** What is expected **
Leave every picture out and return the rest of the listing verbatim.

** Provided data **
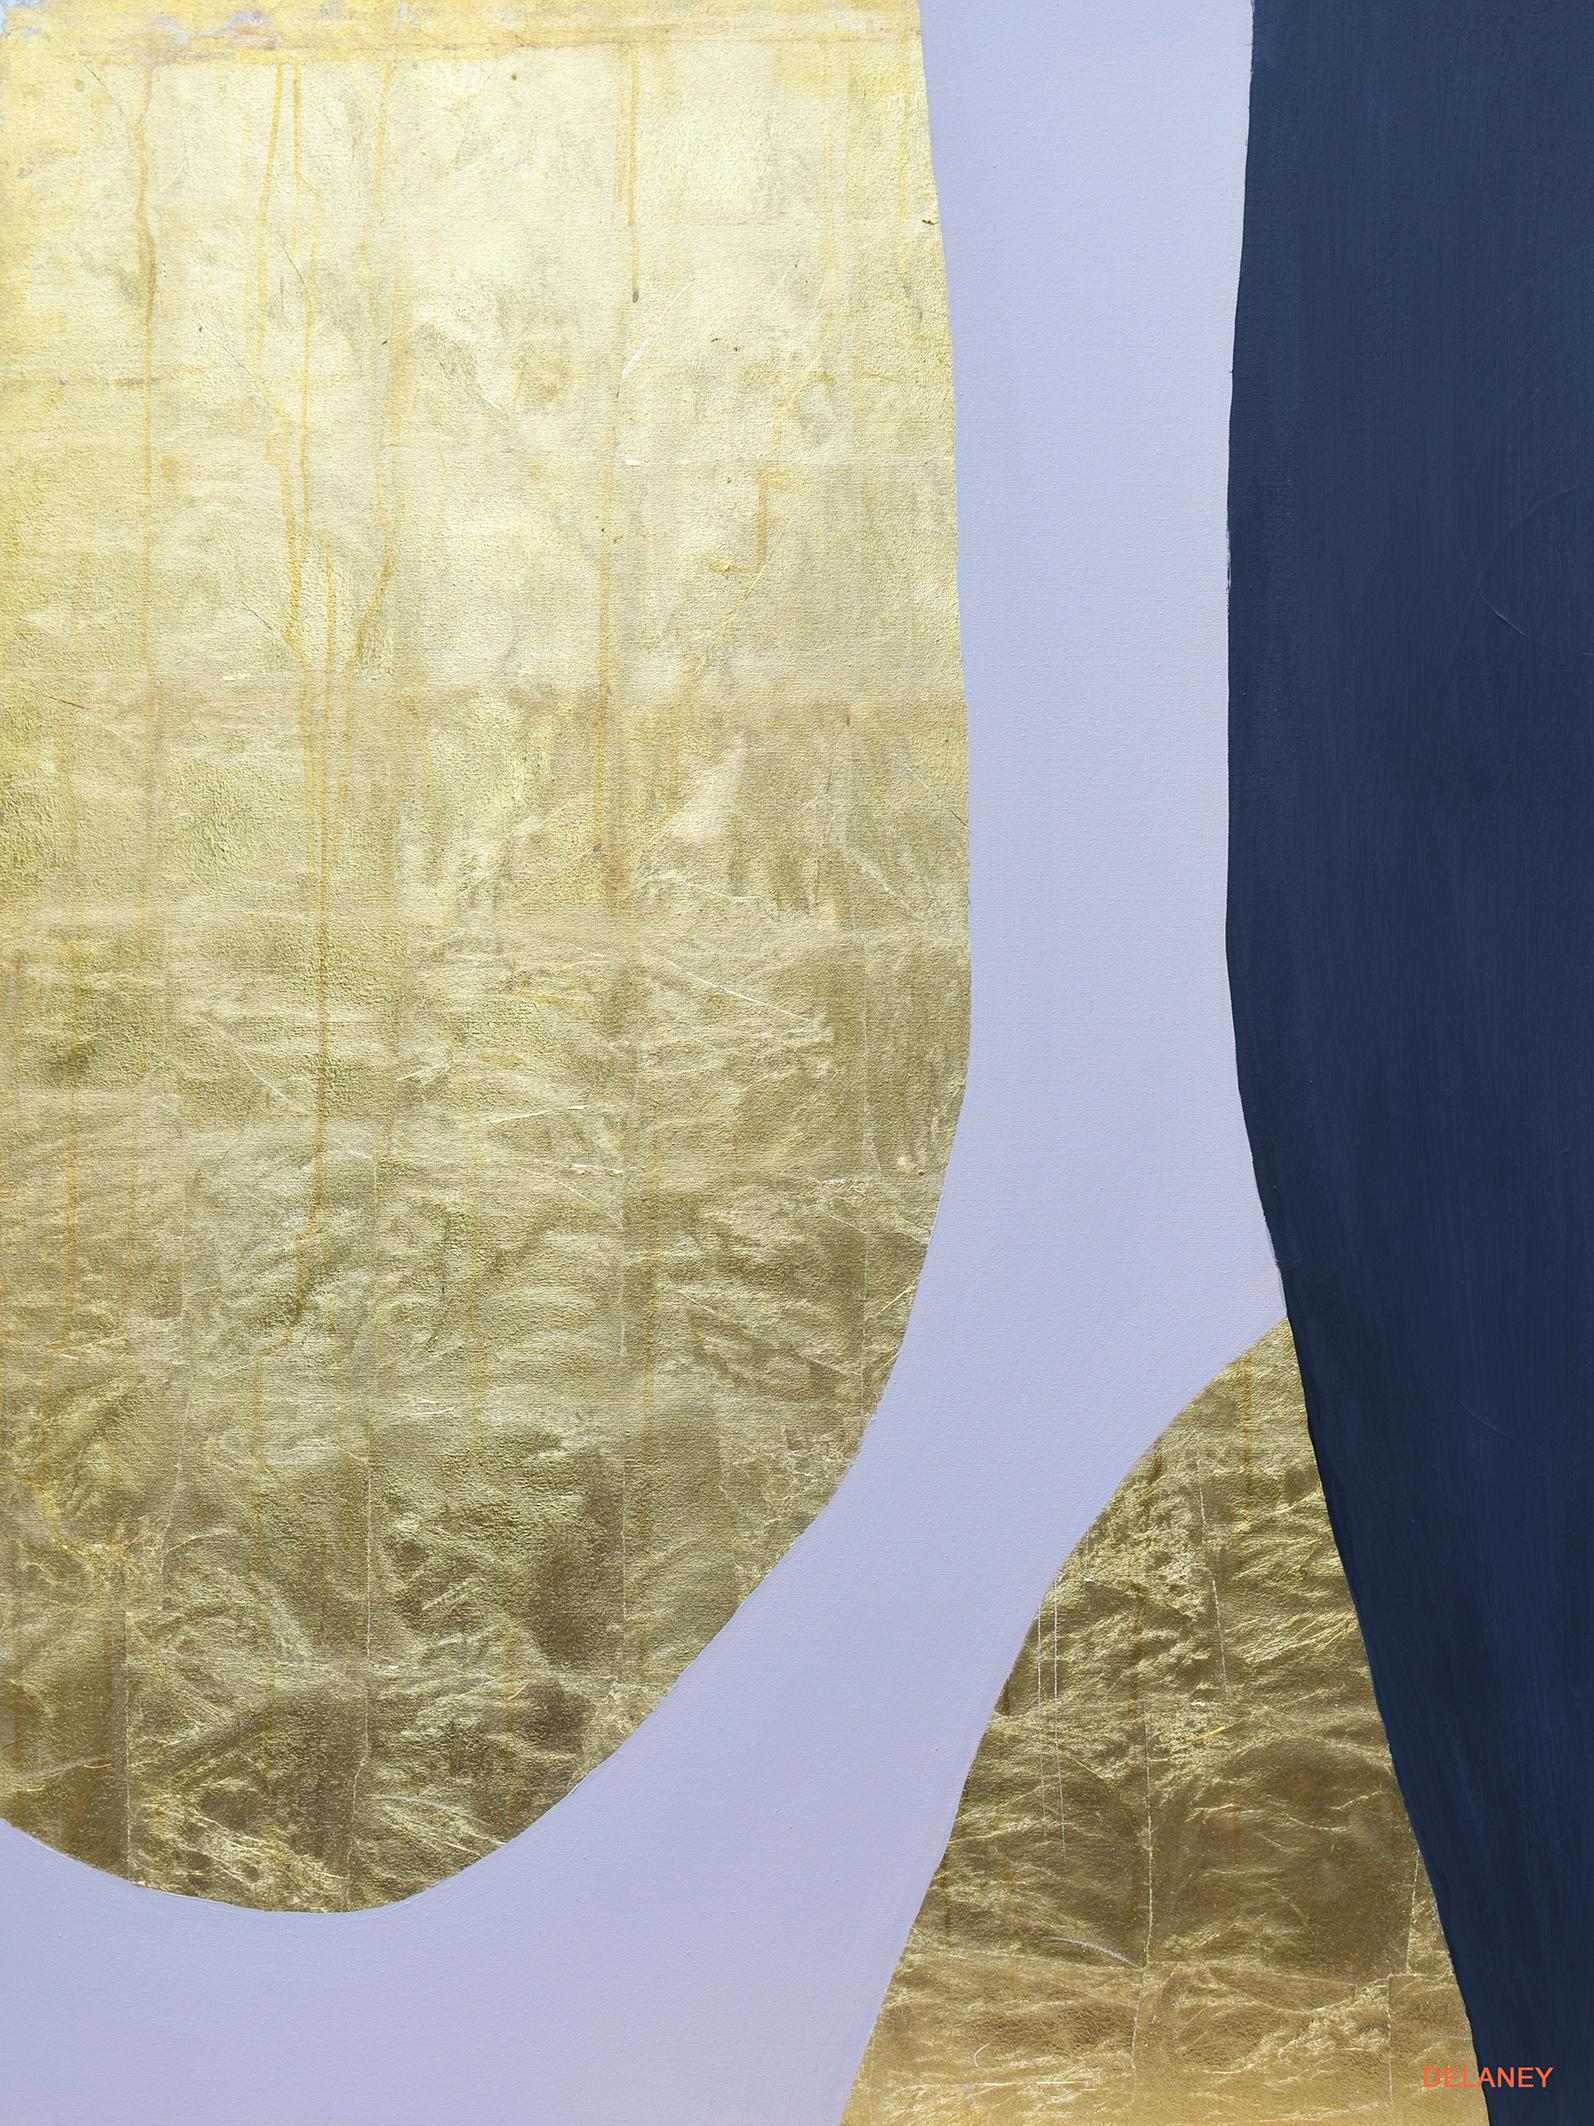 Grey Triptych #2  Gold leaf and acrylic on canvas (122x91cm)
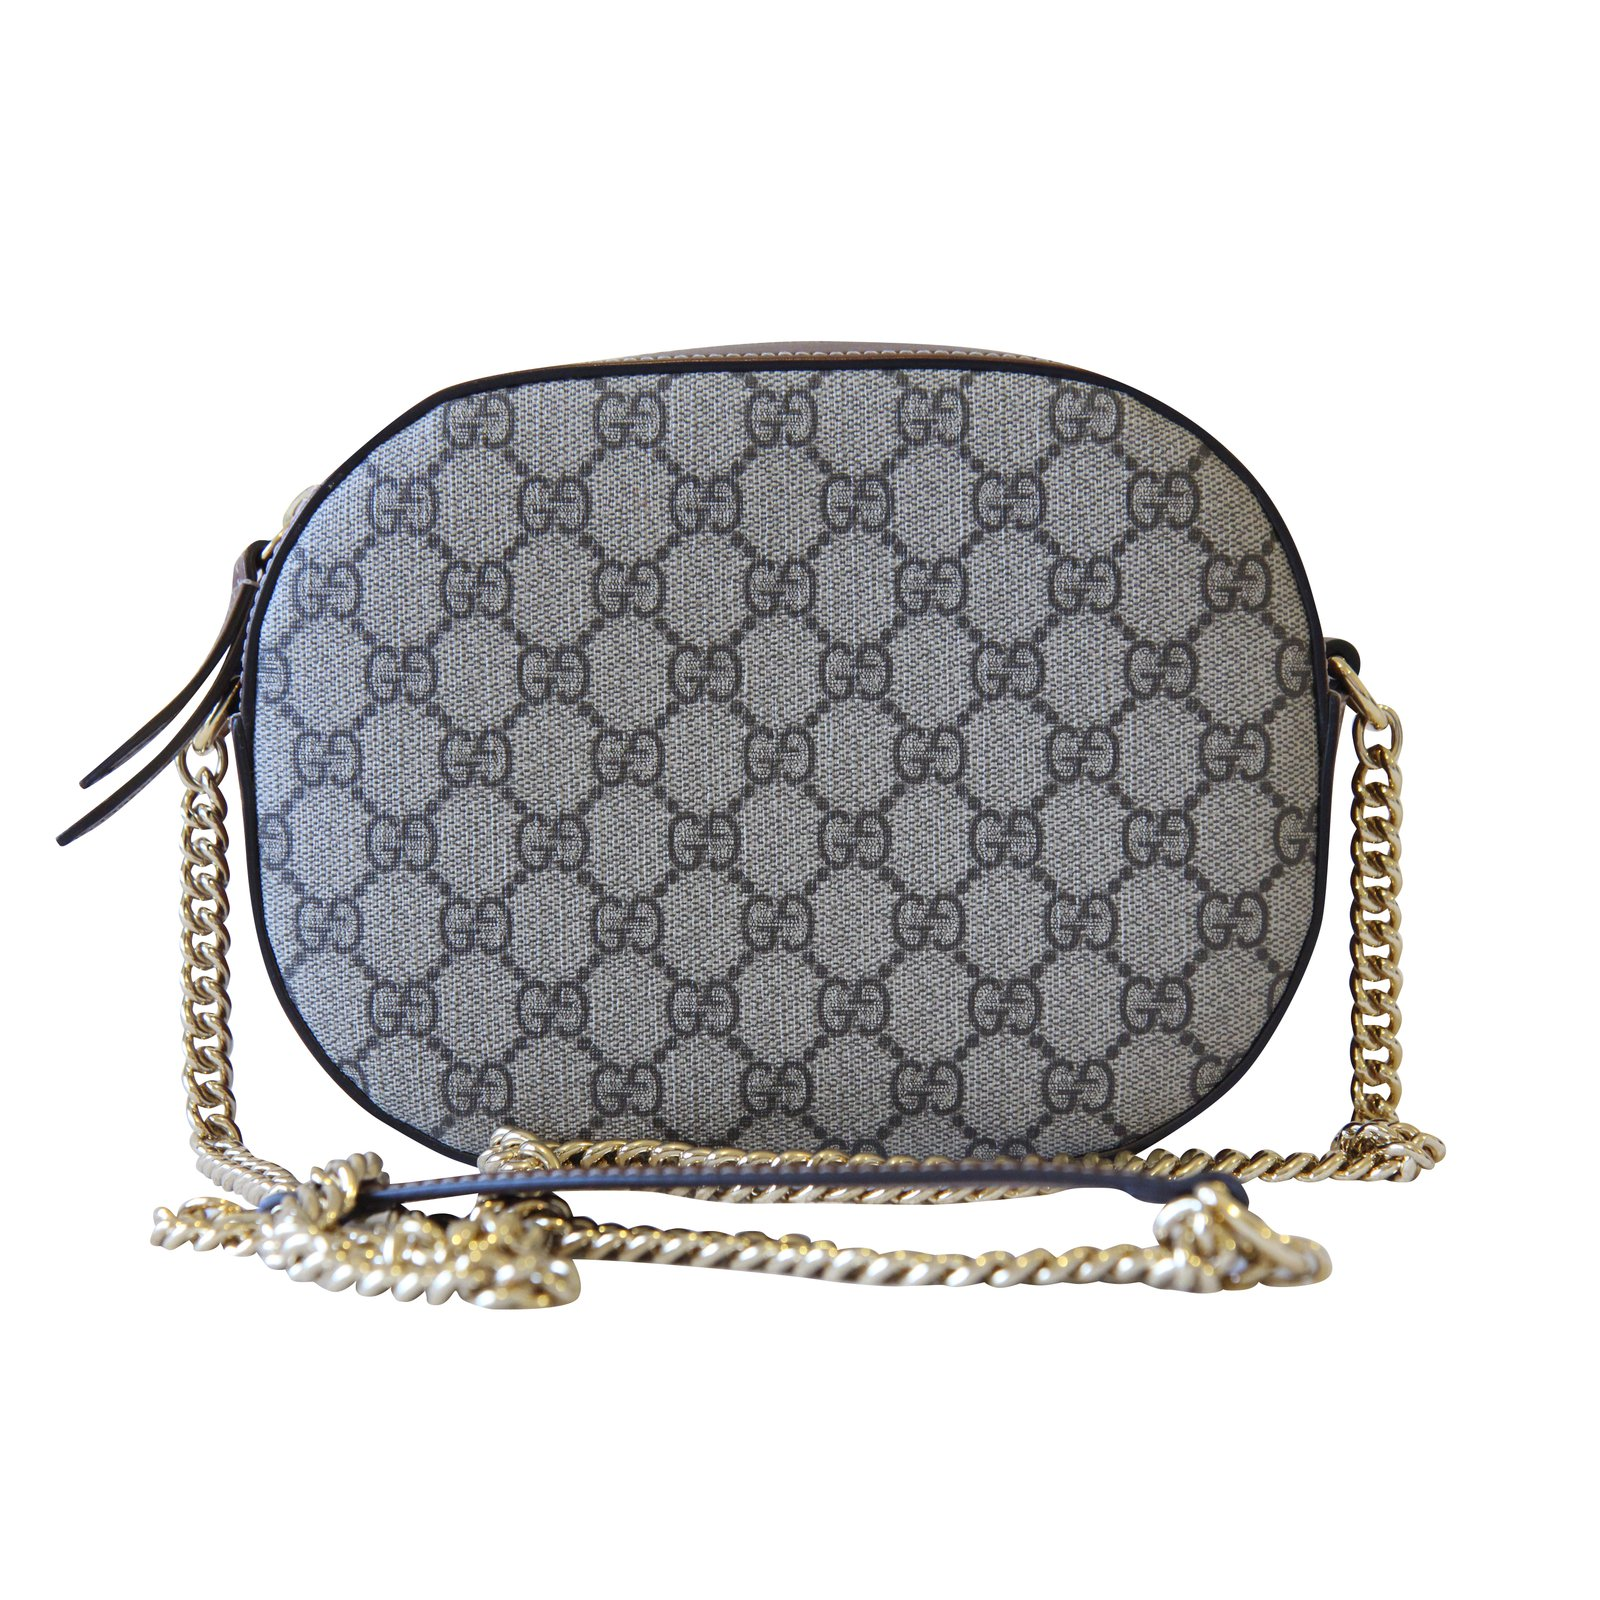 8b940936a1 Gucci GG Supreme mini chain bag
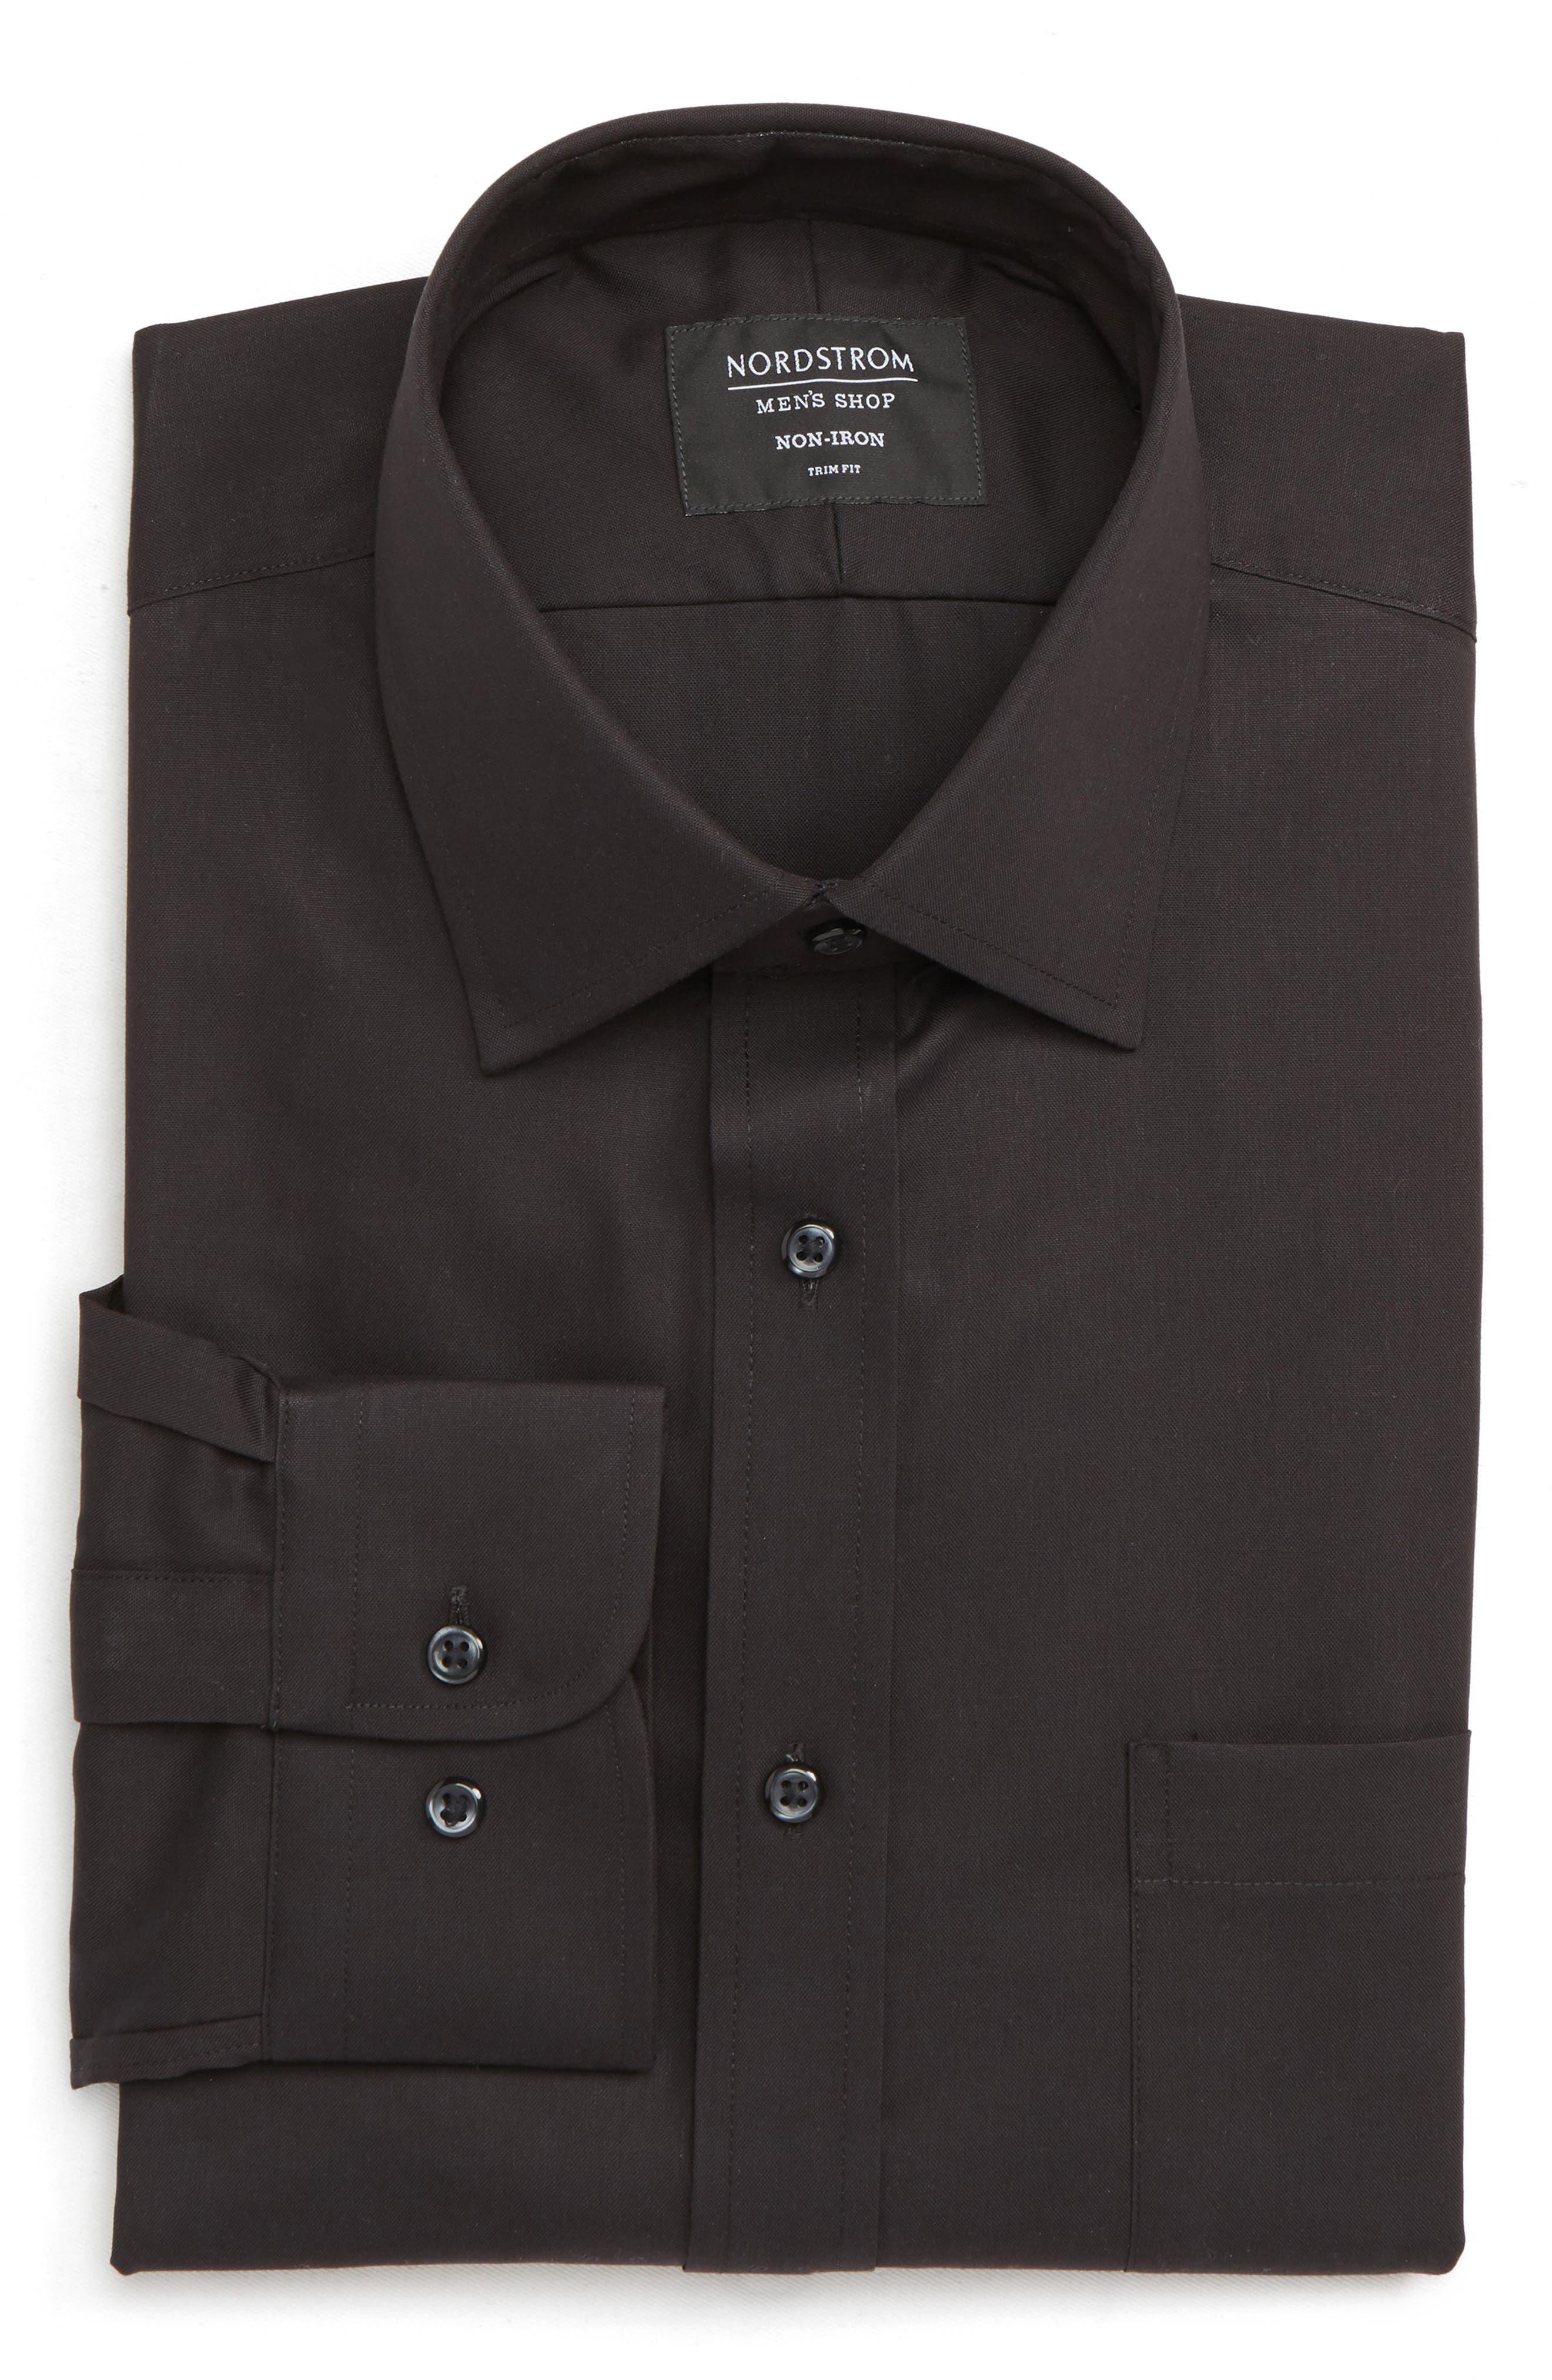 NORDSTROM MEN'S SHOP Trim Fit Non-Iron Dress Shirt, Main, color, BLACK

** Reply **
 Grey Triptych #2  Gold leaf and acrylic on canvas (122x91cm)
 8b940936a1 Gucci GG Supreme mini chain bag
 NORDSTROM MEN'S SHOP Trim Fit Non-Iron Dress Shirt, Main, color, BLACK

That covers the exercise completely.